Chibuike Rotimi Amaechi (born 27 May 1965) is a Nigerian politician, he served as the Federal Minister of Transportation of Nigeria from 2015 to 2022 under the cabinet of President Muhammadu Buhari. He resigned to contest for Nigeria's presidency under the ruling All Progressive Congress (APC). He previously served as governor of oil-rich Rivers State from 2007 to 2015 and Speaker of the Rivers State House of Assembly from 1999 to 2007. On 9 April 2022, Amaechi declared his interest to contest in the Presidential election in 2023, he came second in the APC presidential primaries held in June 2022 behind Bola Tinubu with 316 votes from the delegates.

Background
Amaechi was born in Ubima, Ikwerre Local Government Area of Rivers State to the family of the late Elder Fidelis Amaechi and Mary Amaechi.
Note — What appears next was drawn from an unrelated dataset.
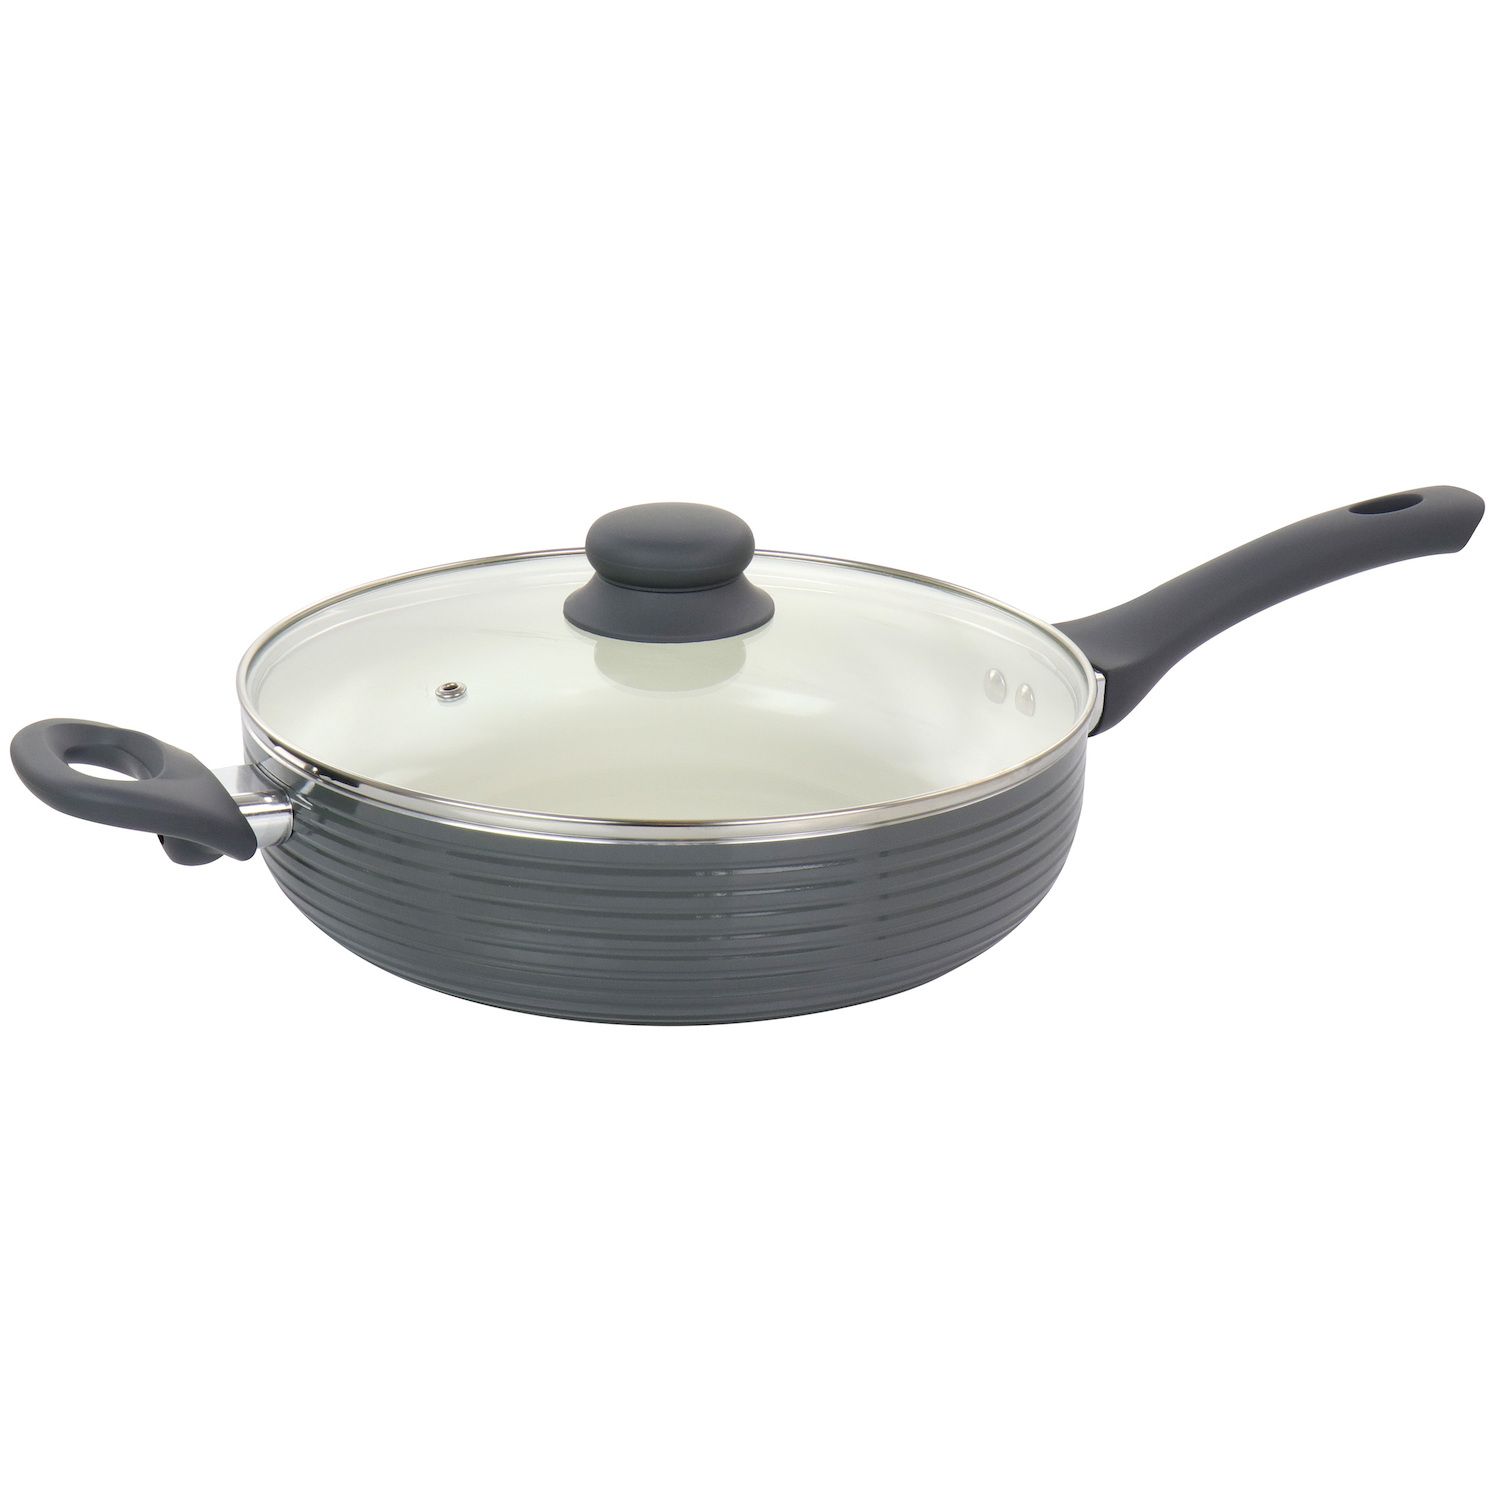 GreenPan Chatham Healthy Ceramic Nonstick 3.75 qt. Saute Pan with Lid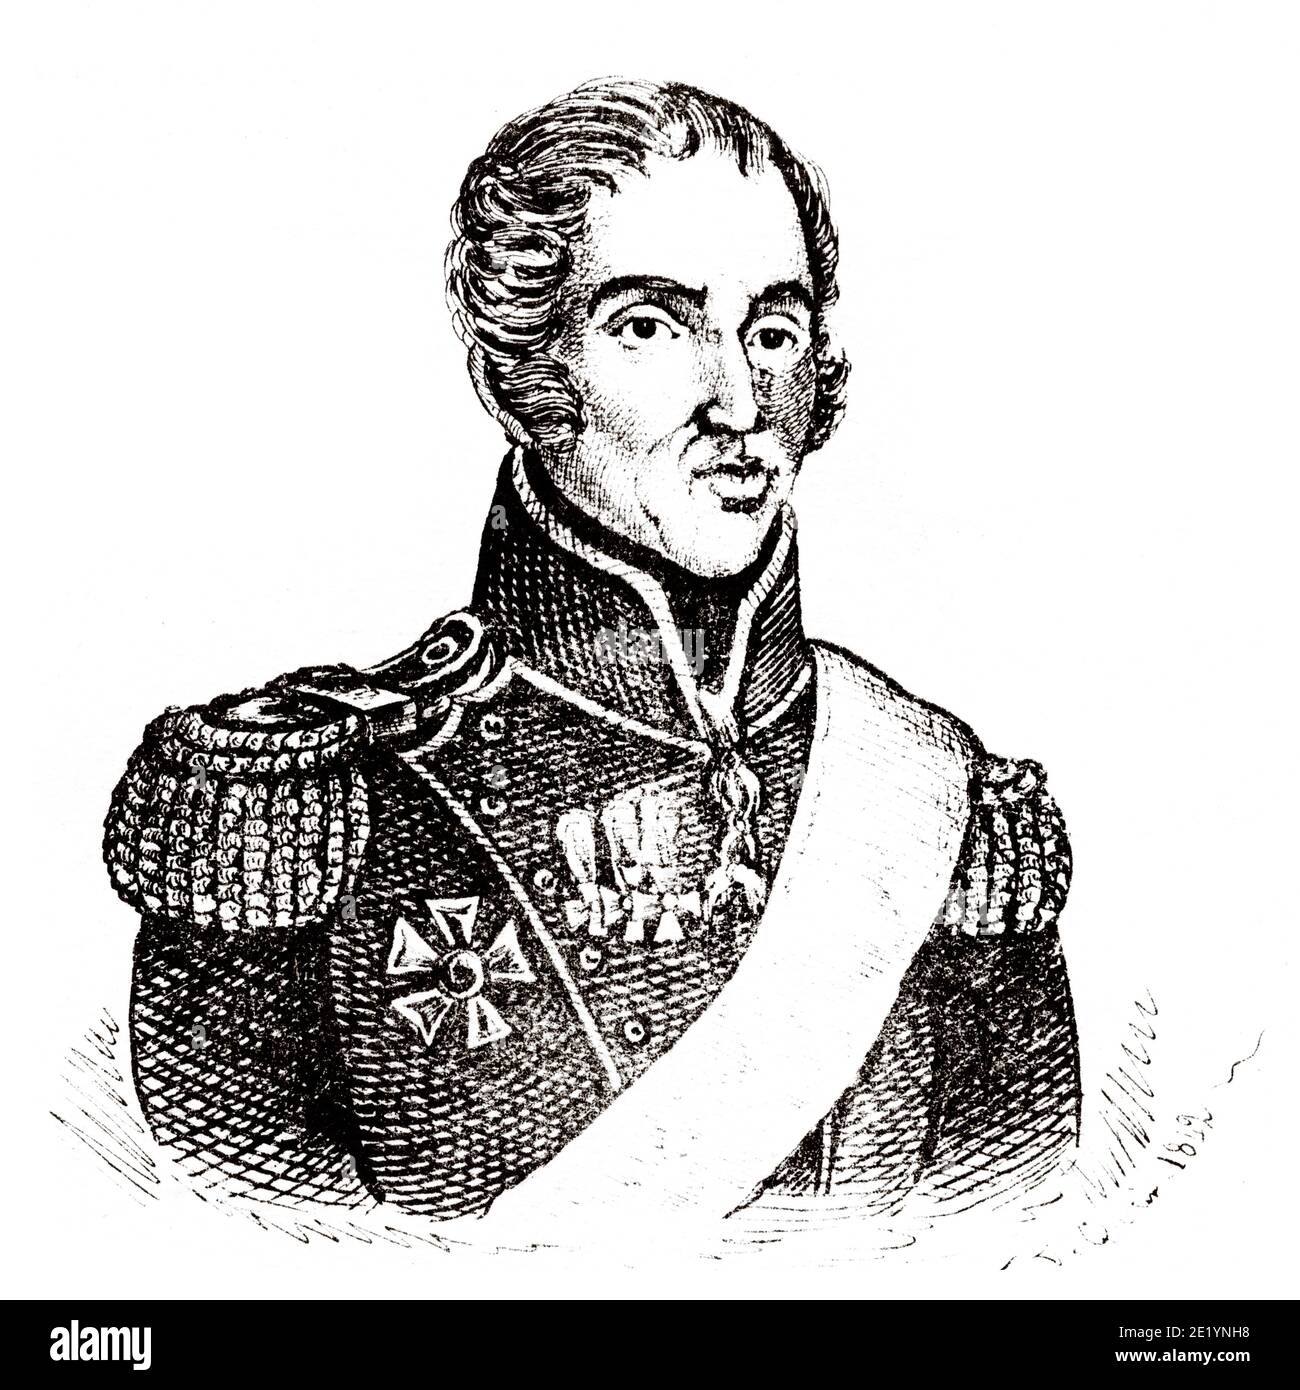 Portrait of Charles X (1757-1836). King of France from 1824 to 1836. House of Bourbon. History of France, from the book Atlas de la France 1842 Stock Photo

His first and last names are Igbo  meaning “God is strength or power” and “who knows tomorrow” respectively. He was raised in Diobu, a densely populated neighbourhood in Port Harcourt.
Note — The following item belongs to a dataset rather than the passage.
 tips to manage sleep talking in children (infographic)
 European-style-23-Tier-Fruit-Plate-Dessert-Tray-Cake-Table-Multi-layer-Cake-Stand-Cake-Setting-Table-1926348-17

He had his early education at St Theresa's Primary School from 1970 to 1976. He earned his West African Senior School Certificate in 1982 after attending Government Secondary School Okolobiri. Amaechi received a Bachelor of Arts degree (Honours) in English Studies and Literature from the University of Port Harcourt in 1987, where he was the President of the National Union of Rivers State Students (NURSS).

He completed the mandatory National Youth Service Corps in 1988, and thereafter joined Pamo Clinics and Hospitals Limited owned by Peter Odili, where he worked until 1992. He also a director of several companies, including West Africa Glass Industry Limited and Risonpalm Nigeria Limited.
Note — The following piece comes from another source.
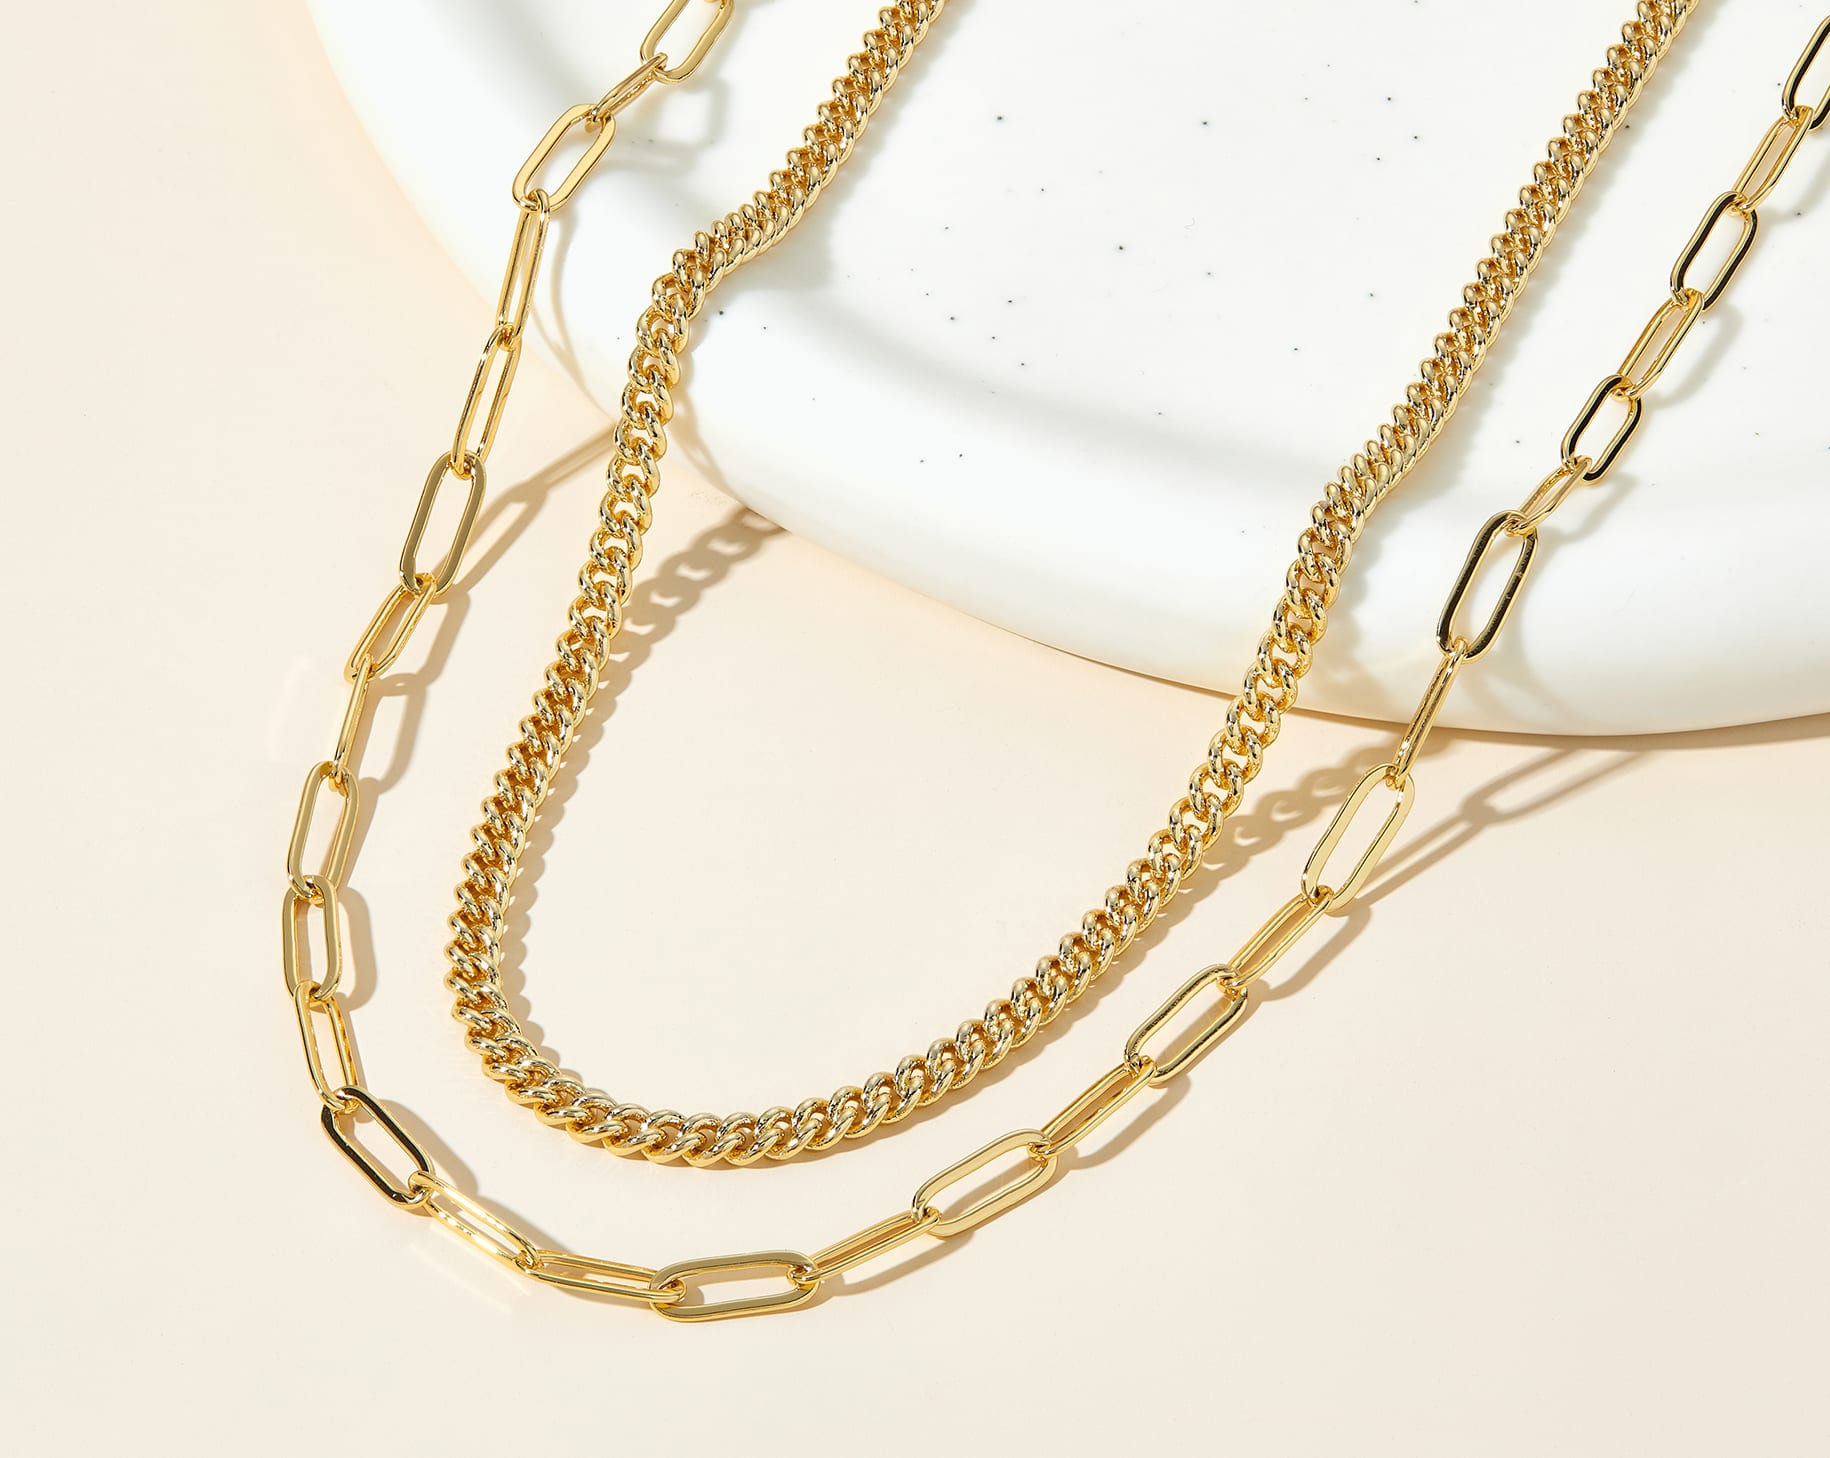 gold necklace stack on neutral background

On November 19th 2022, Amaechi announced on his Twitter handle that he is a certified graduate of Law alongside pictures of his convocation.

Early political career
During the transition to the Third Nigerian Republic, Amaechi was Secretary of the National Republican Convention in Ikwerre Local Government Area of Rivers State. Between 1992 and 1994, he was Special Assistant to the Deputy Governor of Rivers State, Peter Odili  –  his boss believed in Amaechi as a young man with potential in politics, and brought him under his wing. In 1996, he was the Rivers State's Secretary of the Democratic Party of Nigeria (DPN) caretaker committee during the transition programme of General Sani Abacha.

Rivers State House of Assembly (1999–2007) 

In 1999, he contested and won a seat to become a member of the Rivers State House of Assembly to represent his constituency. He was subsequently elected as the Speaker of the House of Assembly. Amaechi was elected the Chairman of Nigeria's Conference of Speakers of State Assemblies. In May 2003, he was re-elected as the Speaker. In 2003, when the National Assembly moved to hijack the legislative functions of the State House of Assembly as enshrined in the constitution, he and his colleagues took the matter to Supreme Court.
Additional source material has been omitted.